Writing the unicode variable Gauss to file, a la f.write(Gauss), leads to a UnicodeEncodeError in Python 2, saying that 'ascii' codec can't encode character u'\xdf' in position 9. The UTF-8 bytecode representation of strings does not pose any problems with file writing. The solution for unicode strings is to use the codecs module and explicitly work with a file object that converts unicode to UTF-8:

import codecs
with codecs.open('tmp.txt', 'w', 'utf-8') as f:
    f.write(Gauss)

This is not necessary with Python 3, so if you use non-English characters, Python 3 has a clear advantage over Python 2.
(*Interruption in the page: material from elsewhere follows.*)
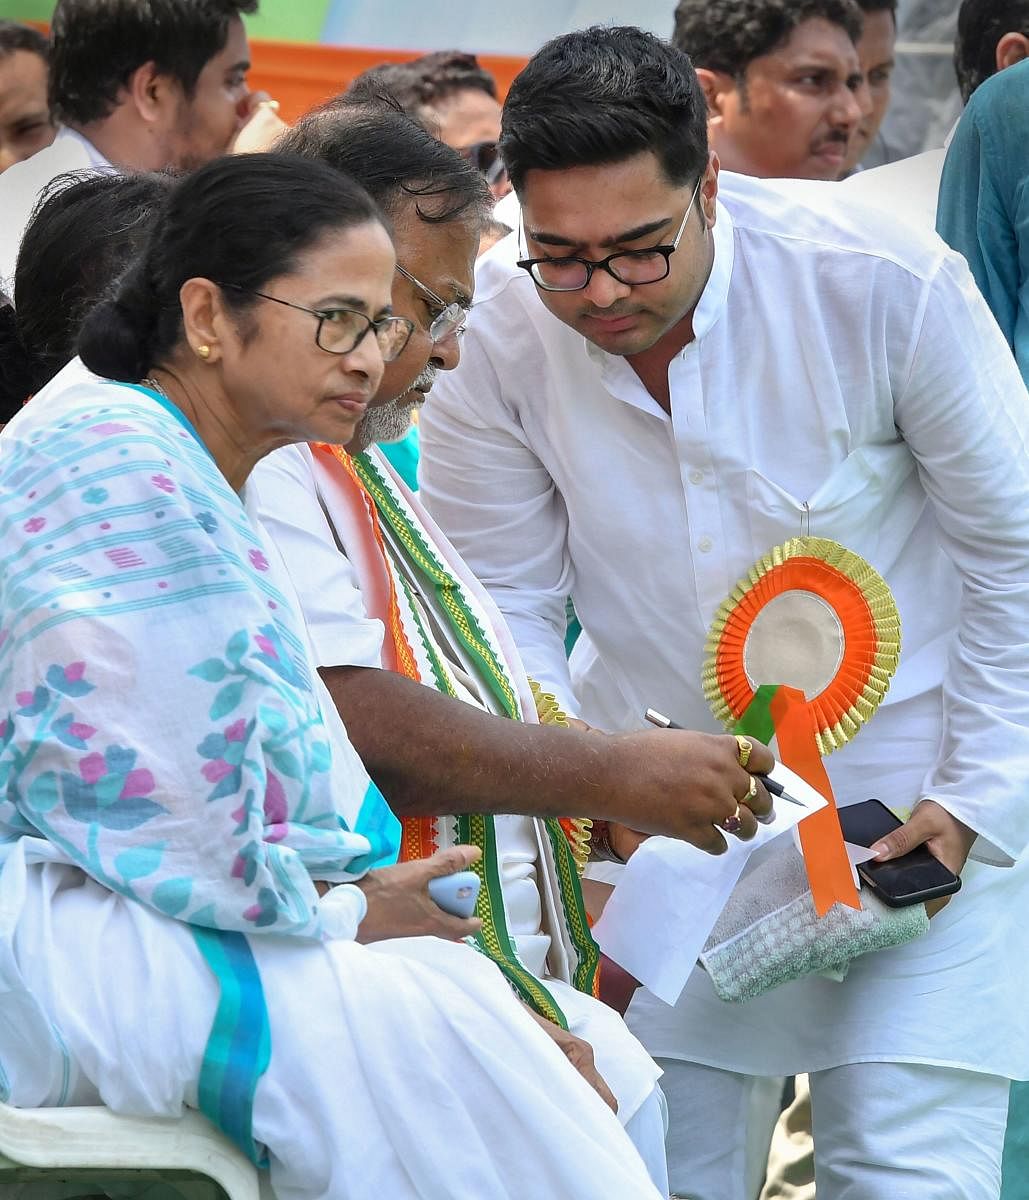 (From left) West Bengal Chief Minister Mamata Banerjee, Education Minister Partha Chatterjee and MP Abhishek Banerjee during Trinamool Chhatra Parishad Foundation Day rally, in Kolkata on Wednesday. PTI

To summarize, non-English character can be input with a non-English keyboard and stored either as a plain (byte) string or as a unicode string:

>>> name = 'Åsmund Ødegård'  # plain string
>>> check(name)
Åsmund Ødegård, str: '\xc3\x85smund \xc3\x98deg\xc3\xa5rd' (17)
>>> name = u'Åsmund Ødegård' # unicode
>>> check(name)
Åsmund Ødegård, unicode: u'\xc5smund \xd8deg\xe5rd' (14)

Alternatively, the non-English characters can be specified with special codes, depending on whether the representation is a plain UTF-8 string or a unicode string. Using a table with conversion between unicode and UTF-8 representation we find that in UTF-8, Å has the code C3 85, Ø is C3 98, and å is C3 A5:

>>> name = '\xc3\x85smund \xc3\x98deg\xc3\xa5rd'
>>> check(name)
Åsmund Ødegård, str: '\xc3\x85smund \xc3\x98deg\xc3\xa5rd' (17)

In unicode, Å is C5, Ø is D8, å is E5:

>>> name = u'\xc5smund \xd8deg\xe5rd'
>>> check(name)
Åsmund Ødegård, unicode: u'\xc5smund \xd8deg\xe5rd' (14)

The examples above have been collected in the file unicode_utf8.py.